** Task input follows **

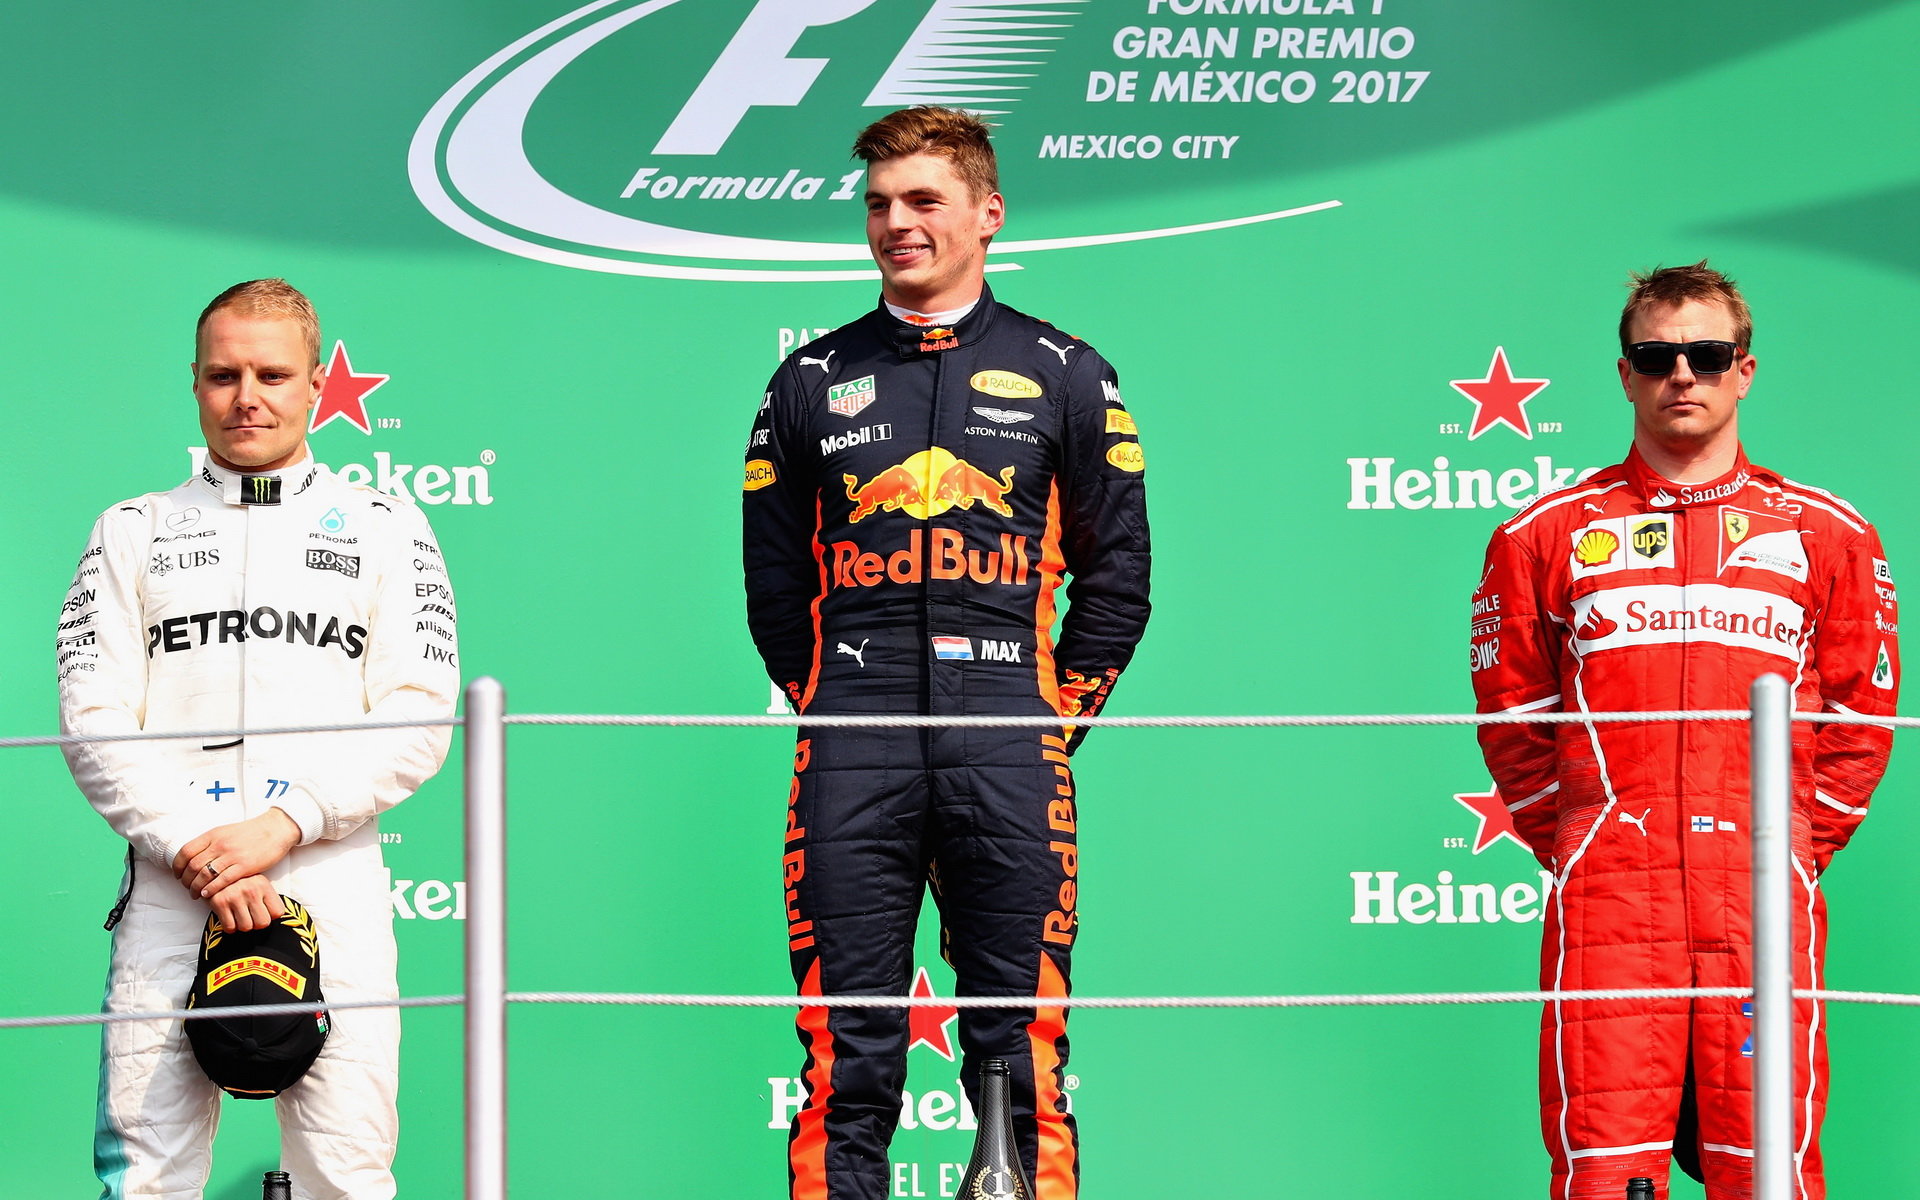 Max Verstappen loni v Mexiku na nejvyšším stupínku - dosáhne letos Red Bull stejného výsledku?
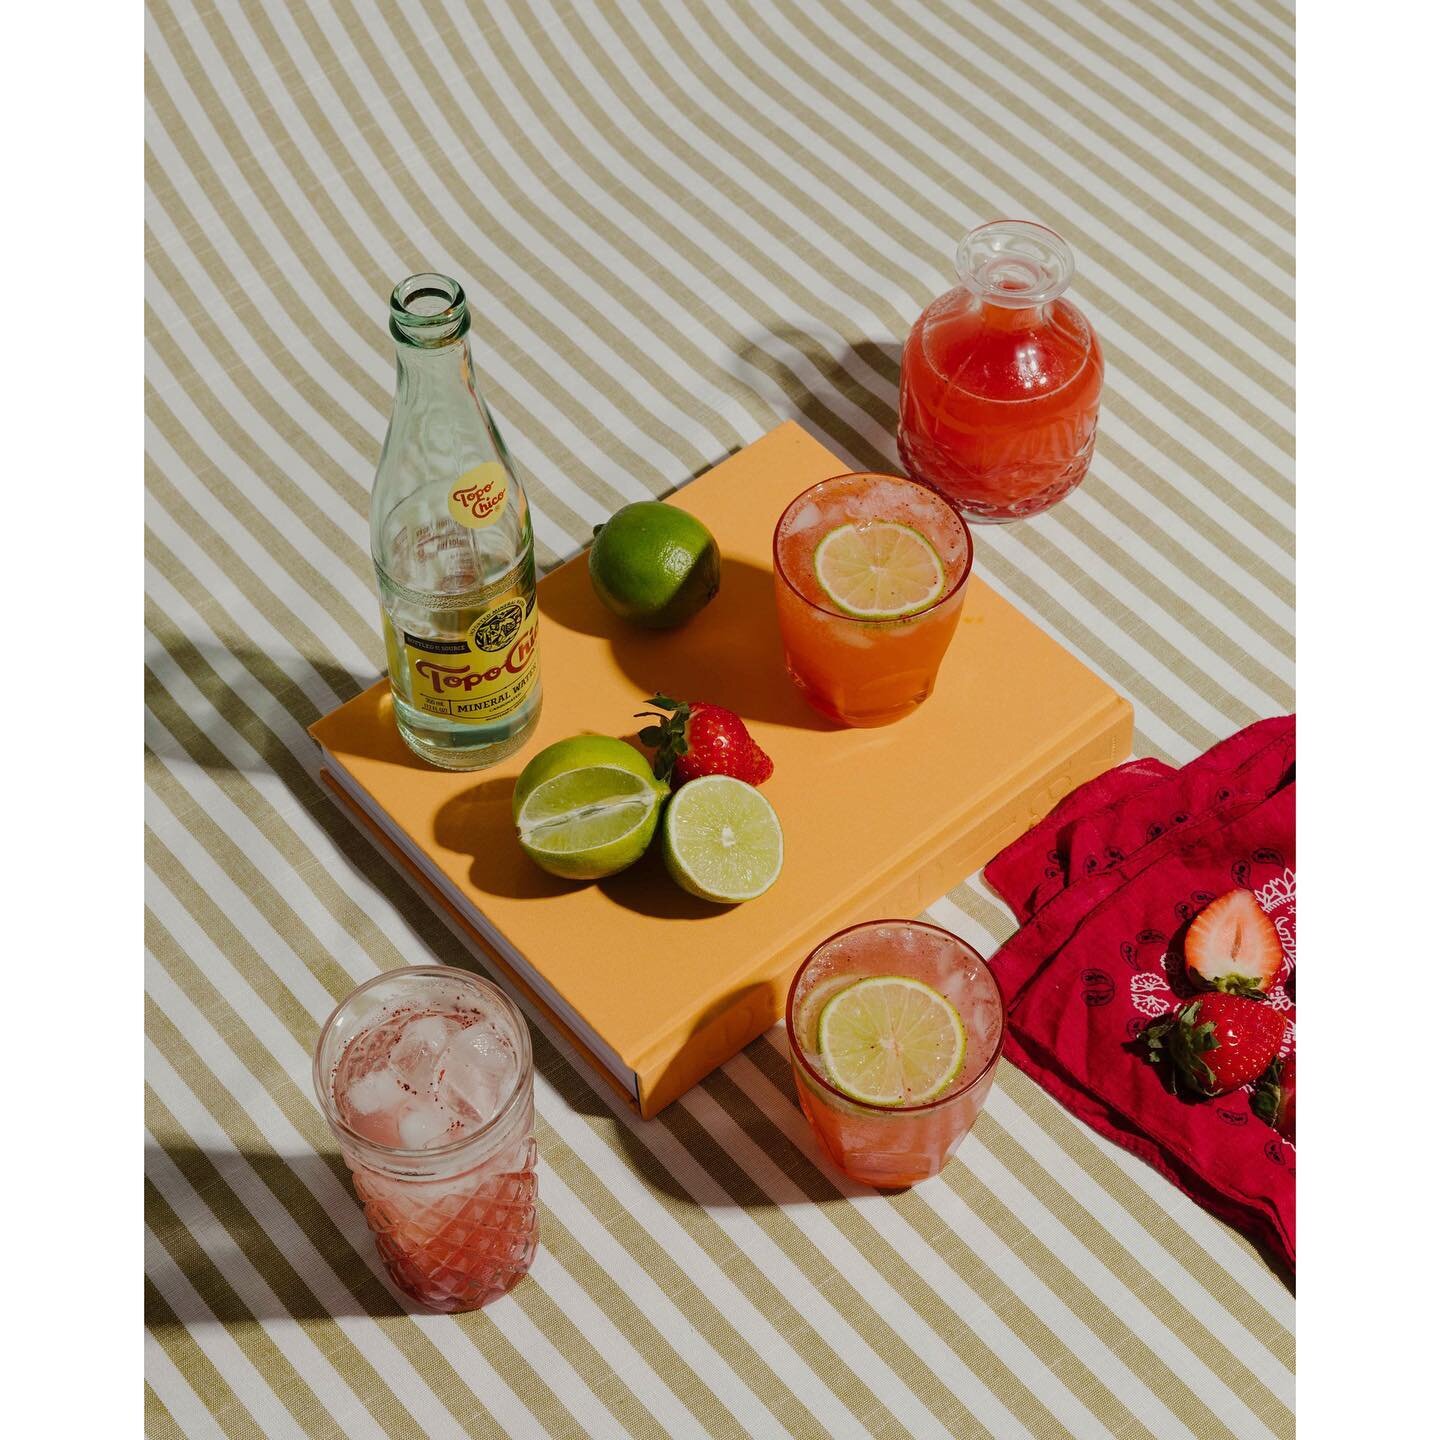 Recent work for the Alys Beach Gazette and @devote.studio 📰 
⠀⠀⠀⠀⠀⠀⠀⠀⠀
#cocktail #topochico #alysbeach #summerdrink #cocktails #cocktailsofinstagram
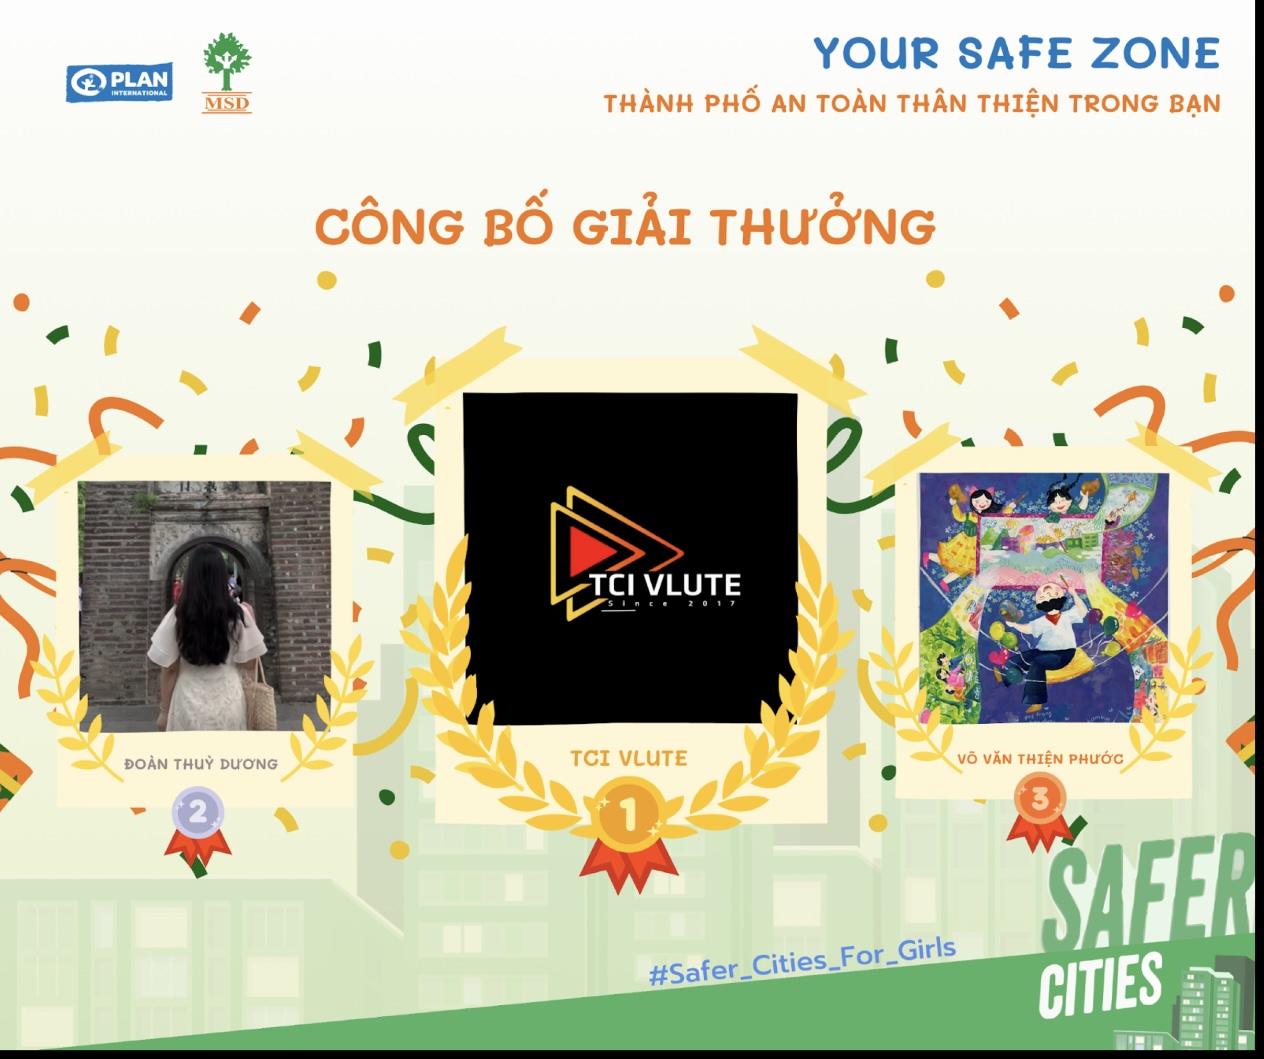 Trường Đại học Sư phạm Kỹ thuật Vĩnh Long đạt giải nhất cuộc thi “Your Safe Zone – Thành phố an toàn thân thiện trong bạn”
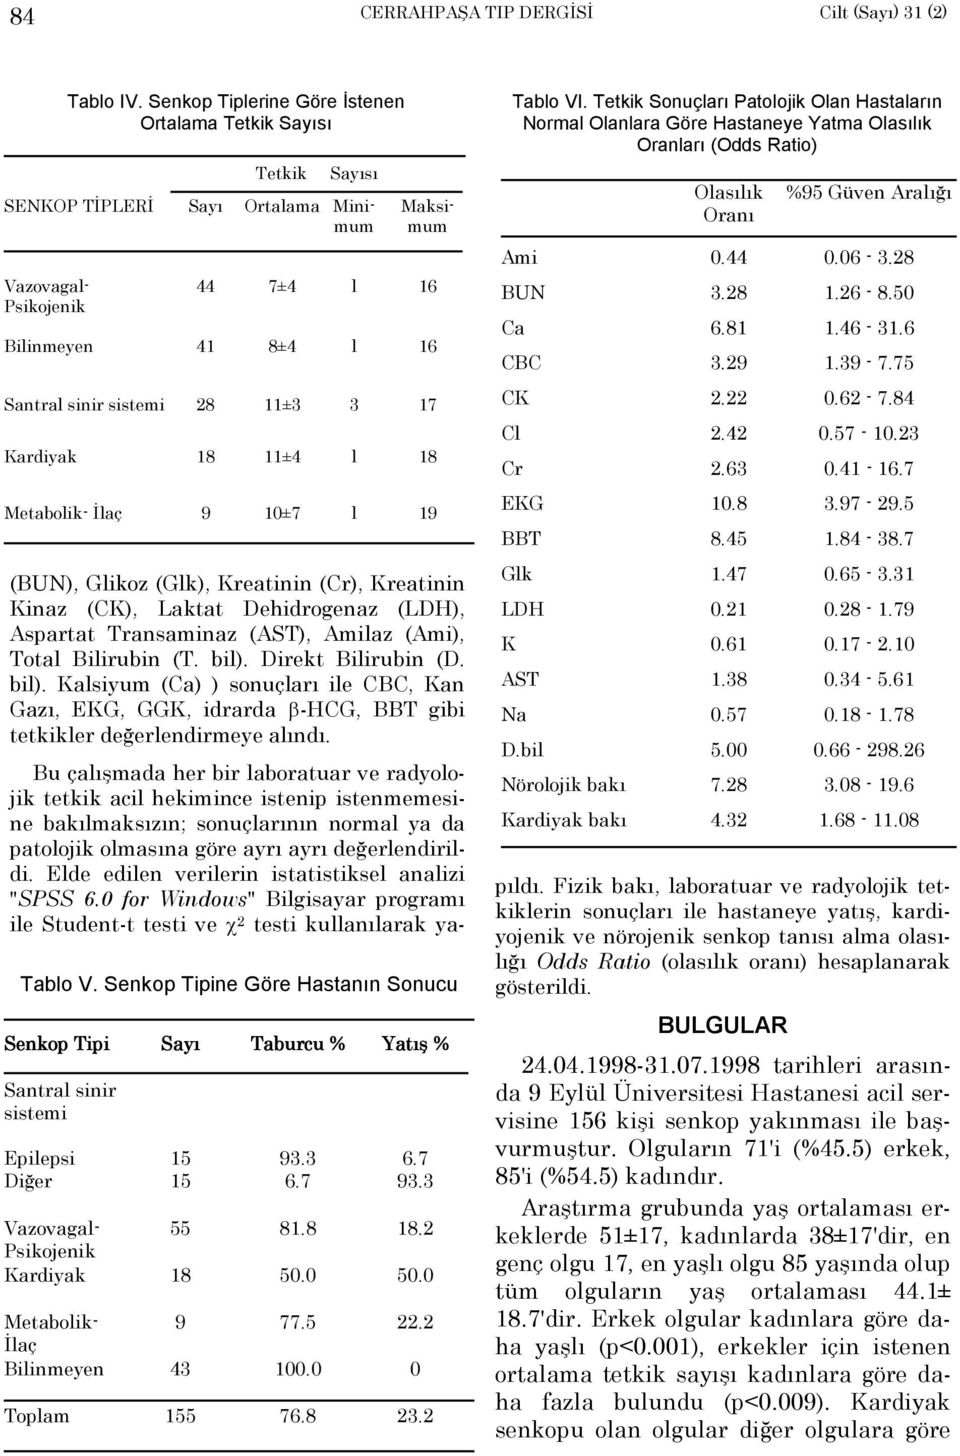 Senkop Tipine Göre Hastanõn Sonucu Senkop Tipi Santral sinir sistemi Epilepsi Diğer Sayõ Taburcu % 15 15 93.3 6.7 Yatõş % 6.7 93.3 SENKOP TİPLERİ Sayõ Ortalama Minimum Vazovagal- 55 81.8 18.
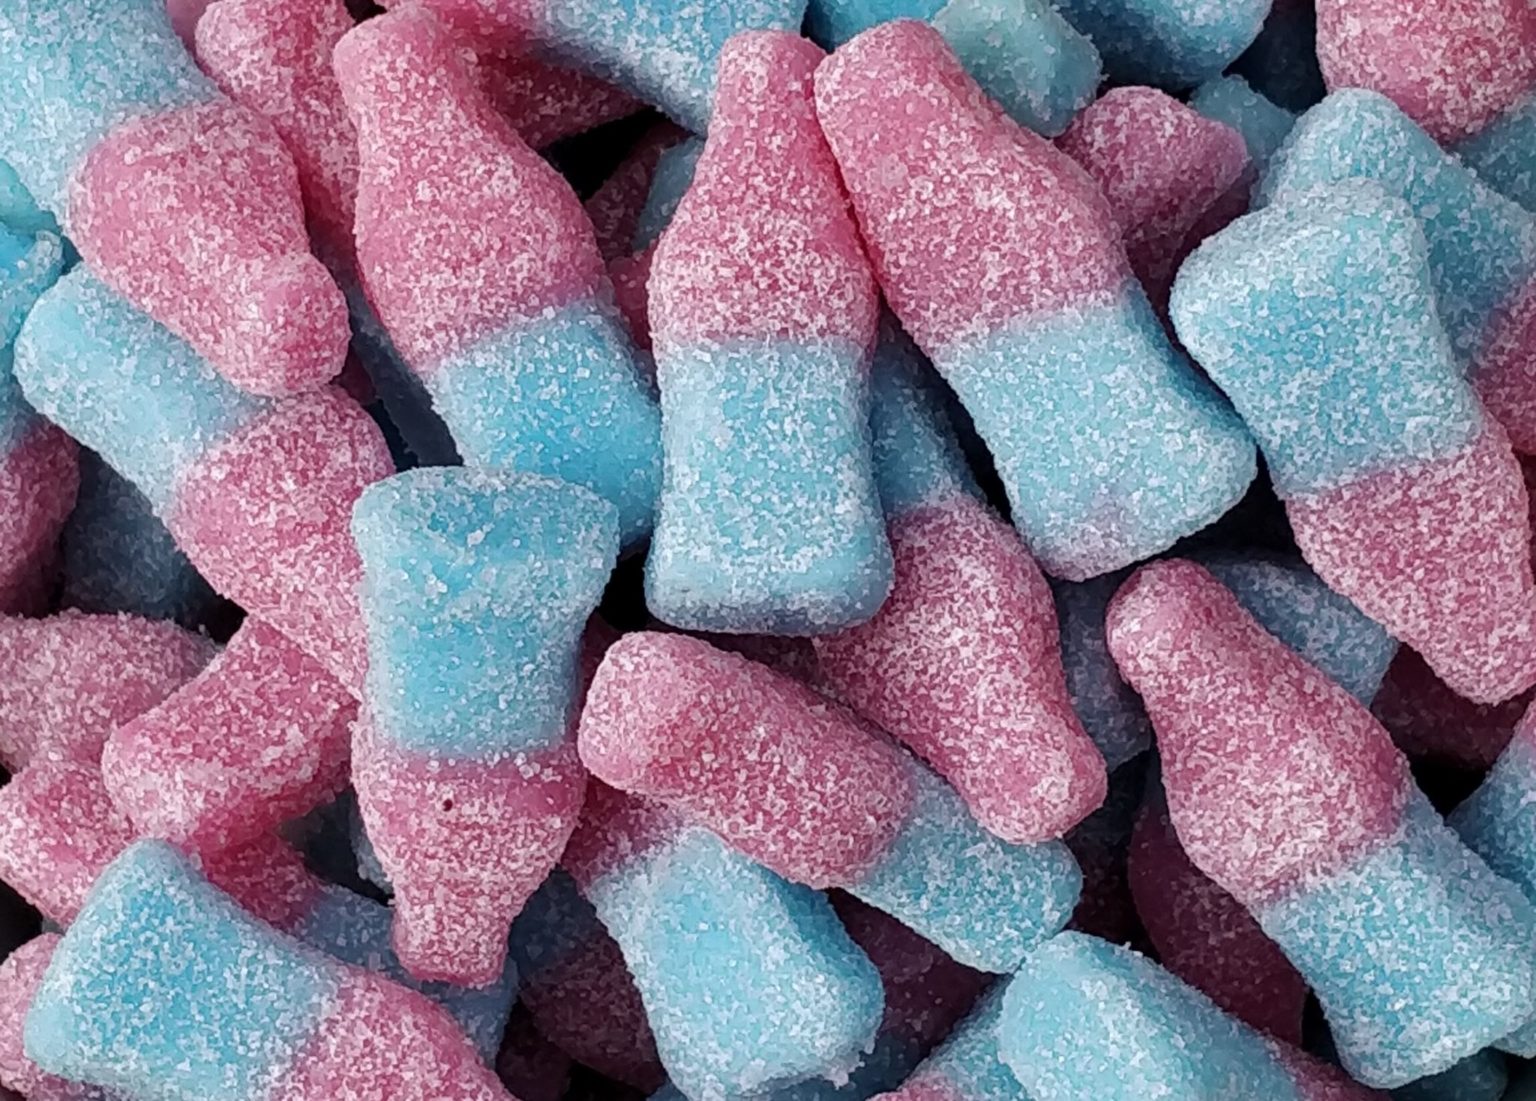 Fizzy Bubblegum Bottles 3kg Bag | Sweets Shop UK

** End of Task input **

*Assigned task*.
Leave out the pictures and give the listing above again exactly.

*Solution to this task*.
 Max Verstappen loni v Mexiku na nejvyšším stupínku - dosáhne letos Red Bull stejného výsledku?
 Recent work for the Alys Beach Gazette and @devote.studio 📰 
⠀⠀⠀⠀⠀⠀⠀⠀⠀
#cocktail #topochico #alysbeach #summerdrink #cocktails #cocktailsofinstagram
 Trường Đại học Sư phạm Kỹ thuật Vĩnh Long đạt giải nhất cuộc thi “Your Safe Zone – Thành phố an toàn thân thiện trong bạn”
 Senkop Tipine Göre Hastanõn Sonucu Senkop Tipi Santral sinir sistemi Epilepsi Diğer Sayõ Taburcu % 15 15 93.3 6.7 Yatõş % 6.7 93.3 SENKOP TİPLERİ Sayõ Ortalama Minimum Vazovagal- 55 81.8 18.
 Fizzy Bubblegum Bottles 3kg Bag | Sweets Shop UK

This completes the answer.